Gordon edited this page Dec 7, 2025 · 20 revisions

Lunar Structure (M0–M14)

The Light Calendar uses a simple lunar index. Each lunar cycle has a home year: the Light Year in which its full moon occurs.

The “normal” moons of a Light Year are numbered M1–M13. In addition, there can be an M0 (and in rare cases an M14) to show spill-over cycles at the year boundaries.


Basic Rules

  • Home-year numbering: M1–M13
    • A lunar cycle belongs to the Light Year in which its full moon occurs.
  • Start of a lunar cycle:
    • The cycle starts at the astronomical new moon, rounded by a natural rule:
      • New moon before 12:00 UTC → previous night (start date = previous day)
      • New moon at/after 12:00 UTC → same day
  • Cycle length is 29 or 30 days.

Edge Moon: M0 (and possible M14)

To avoid gaps at the Light Year boundary, neighbouring cycles are still shown:

  • M0

    • Represents the last moon of the previous Light Year, whose cycle still extends into the first days of the new year.
    • Its full moon lies before the Solar New Year (before 1 New February), but its tail is still visible in the new year, so it is displayed as M0·x.
  • M14 (very rare)

    • In some years, a first moon of the next Light Year can already start in the last days of the current year.
    • In that case, the implementation may display it as M14·x as a forward spill-over.
    • Conceptually, you can still think in terms of M0–M13; M14 is just a rare edge case.
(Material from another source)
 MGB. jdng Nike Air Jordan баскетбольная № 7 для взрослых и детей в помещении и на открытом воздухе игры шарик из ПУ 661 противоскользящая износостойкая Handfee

In practice, this ensures that every date shows a moon index (even on the first and last days of the year), and no cycle is visually “cut off”.


Example Notation

Μ11·19(16/30)

Meaning:

  • Μ11 → 11th moon of the Light Year
  • 19 → today is day 19 of this lunar cycle
  • 16 → the full moon occurred on day 16 of this cycle
  • 30 → total length of this cycle (29 or 30 days)

Purpose

The lunar index (M1–M13, plus edge moons M0 and rarely M14) provides full lunar orientation without a separate lunar calendar, while remaining astronomically precise and continuous at year boundaries.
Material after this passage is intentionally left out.